Armenia may declare Dec 9 genocides victims remembrance day

PanARMENIAN.Net - A member of Heritage opposition party Zaruhi Postanjyan submitted to parliamentary consideration a package of bills on condemnation of the genocides of Pontic Greeks, Assyrians, Yezidis and other ethnicities in the Ottoman Empire, with the draft laws latters included on the agenda of the Cabinet of Ministers’ next session.

The government, however, suggested instead declaring December 9 a commemoration day for the victims of genocides, to mark the United Nations Convention for the Prevention and Punishment of the Crime of Genocide adopted December 9, 1948.

“Based on the abovementioned, the government will consider the initiative acceptable in case its suggestion is approved, with Deputy Foreign Minister Shavarsh Kocharyan to be appointed as a co-rapporteur in consideration of the initiative,” the government’s statement said.

The Armenian Genocide

The Armenian Genocide (1915-23) was the deliberate and systematic destruction of the Armenian population of the Ottoman Empire during and just after World War I. It was characterized by massacres and deportations, involving forced marches under conditions designed to lead to the death of the deportees, with the total number of deaths reaching 1.5 million.

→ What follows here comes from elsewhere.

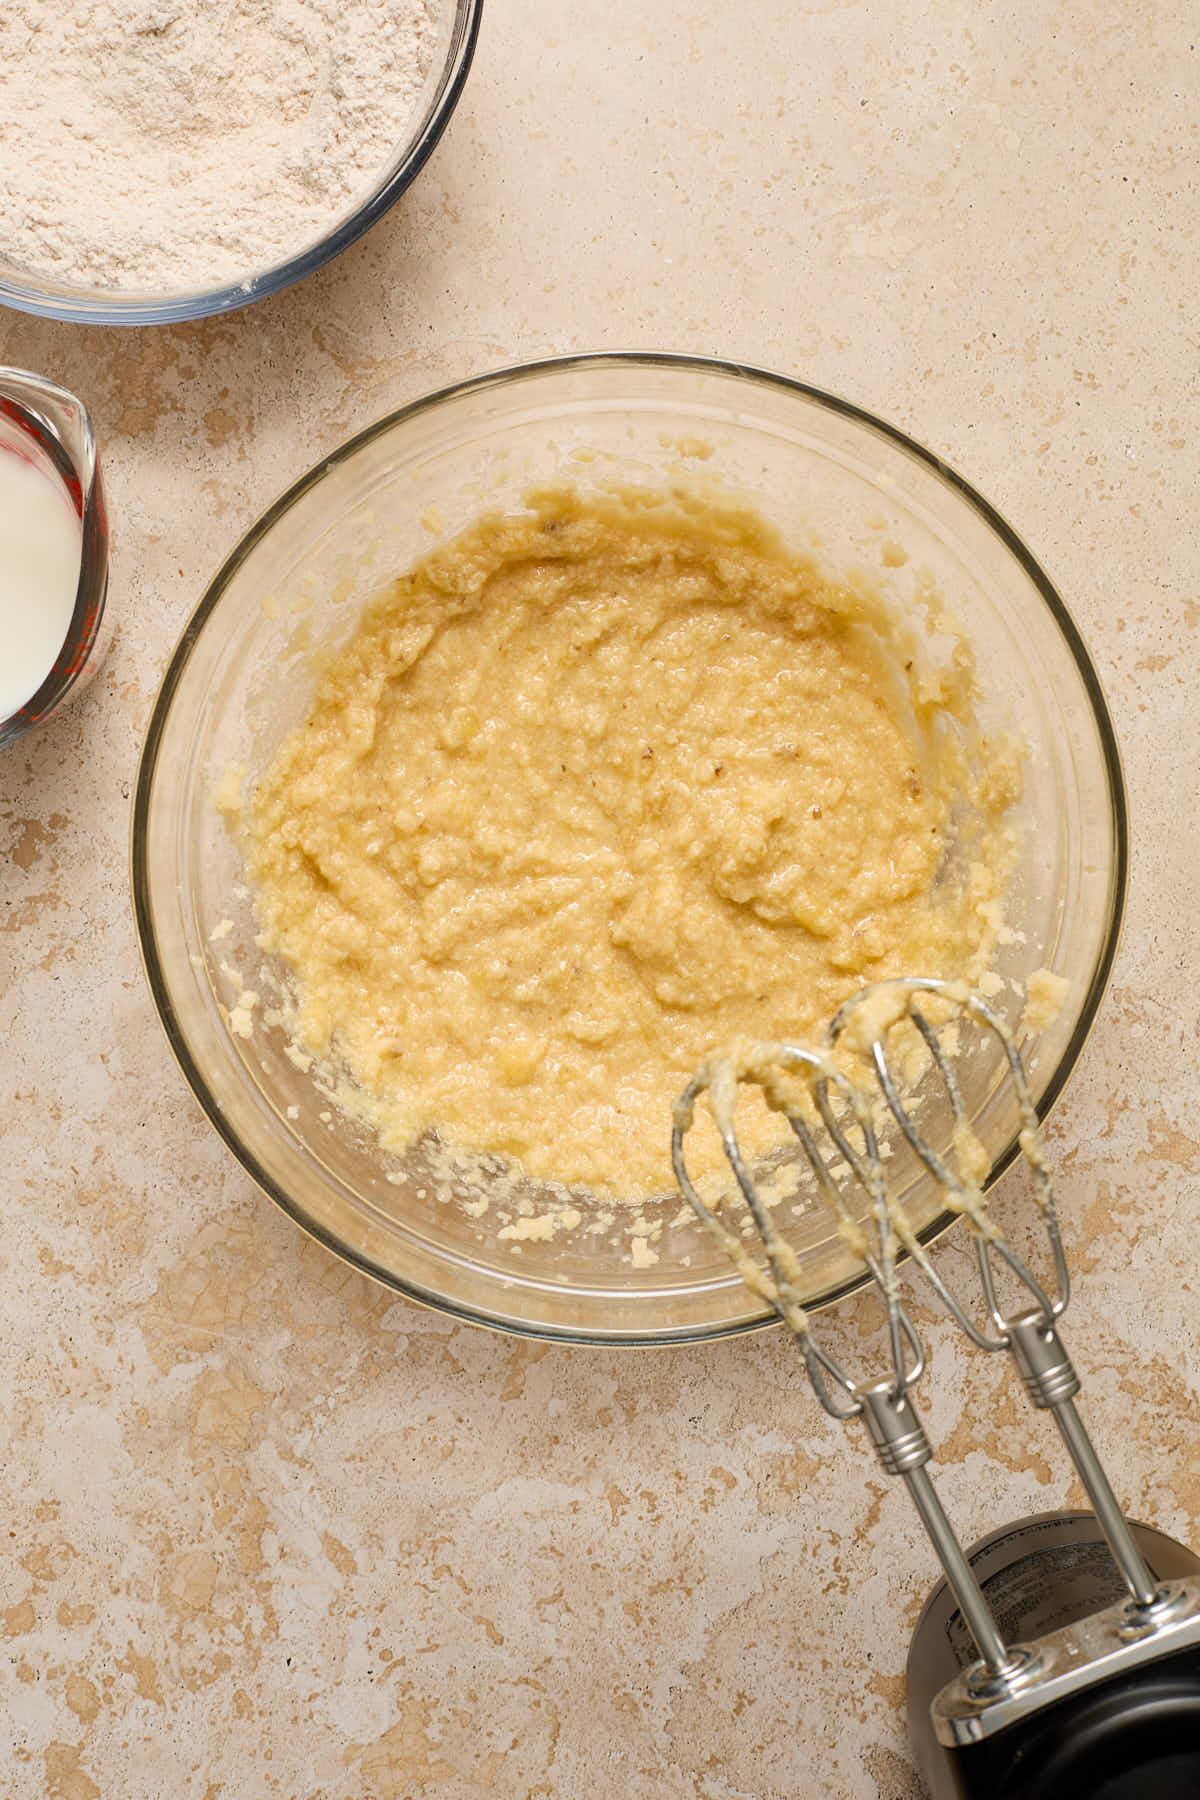 Wet ingredients mixed together with milk and flour mixture on the side.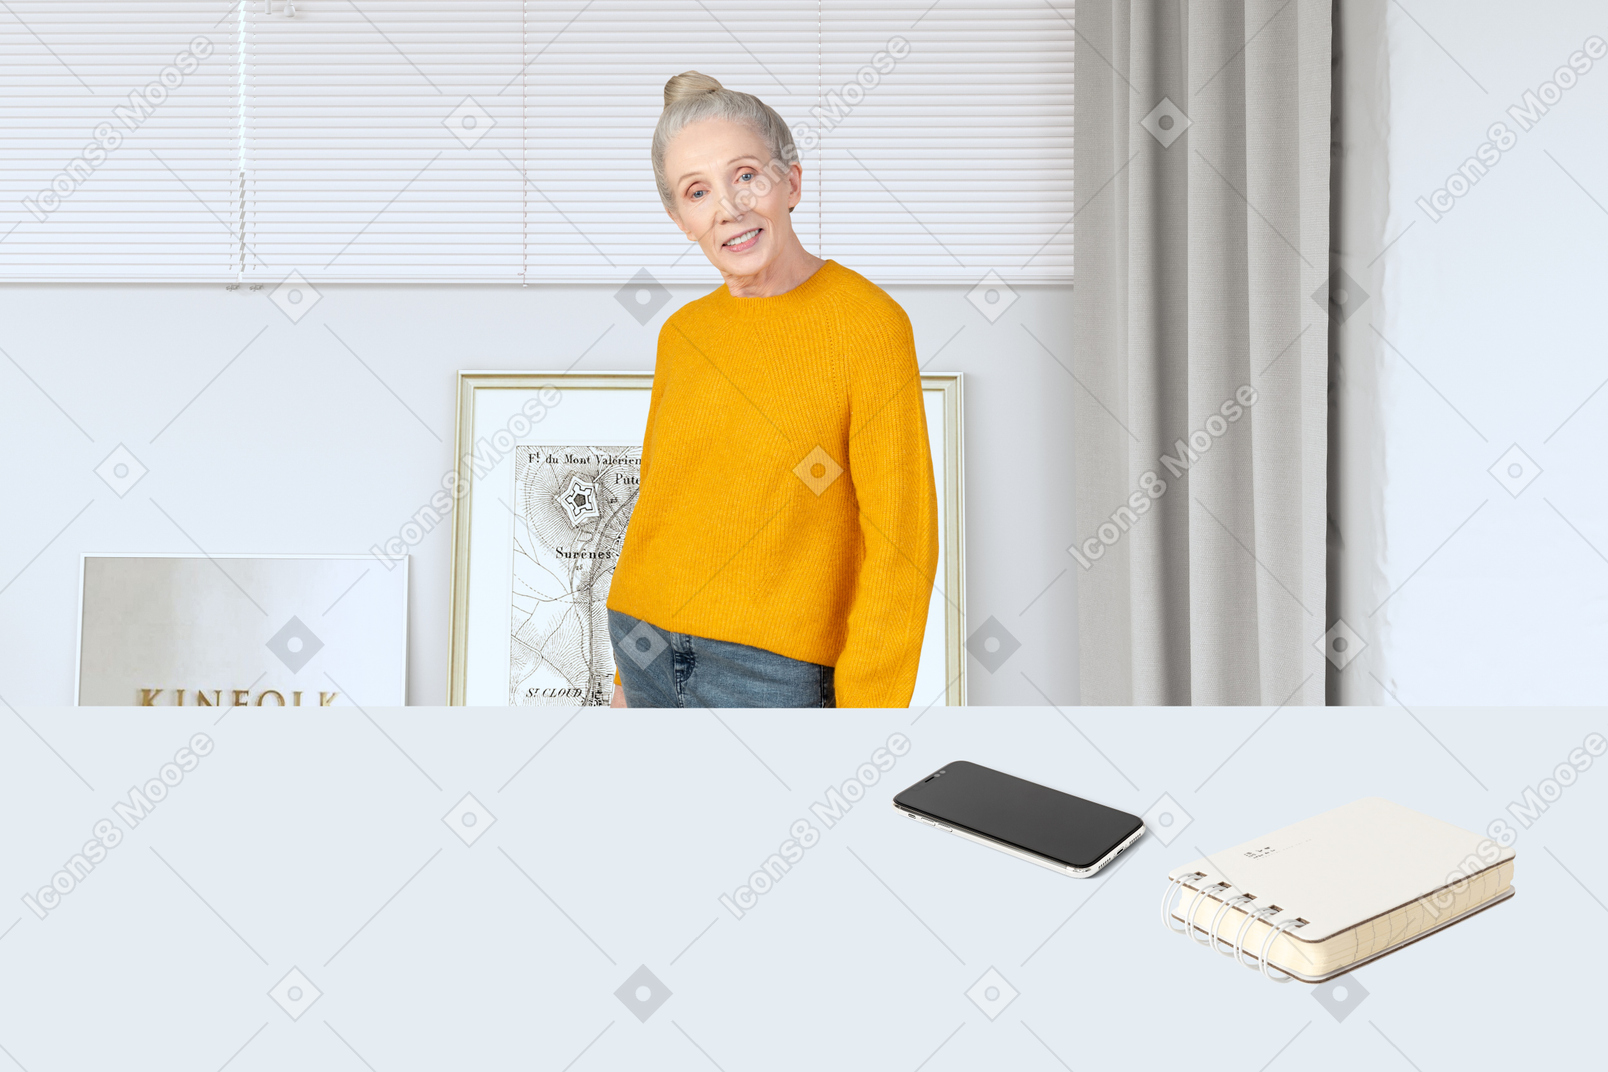 Woman in yellow sweater standing at desk with notepad and phone

The majority of Armenian Diaspora communities were formed by the Genocide survivors.

Present-day Turkey denies the fact of the Armenian Genocide, justifying the atrocities as “deportation to secure Armenians”. Only a few Turkish intellectuals, including Nobel Prize winner Orhan Pamuk and scholar Taner Akcam, speak openly about the necessity to recognize this crime against humanity.

The Armenian Genocide was recognized by Uruguay, Russia, France, Lithuania, Italy, 45 U.S. states, Greece, Cyprus, Lebanon, Argentina, Belgium, Austria, Wales, Switzerland, Canada, Poland, Venezuela, Chile, Bolivia, the Vatican, Luxembourg, Brazil, Germany, the Netherlands, Paraguay, Sweden, Venezuela, Slovakia, Syria, Vatican, as well as the European Parliament and the World Council of Churches.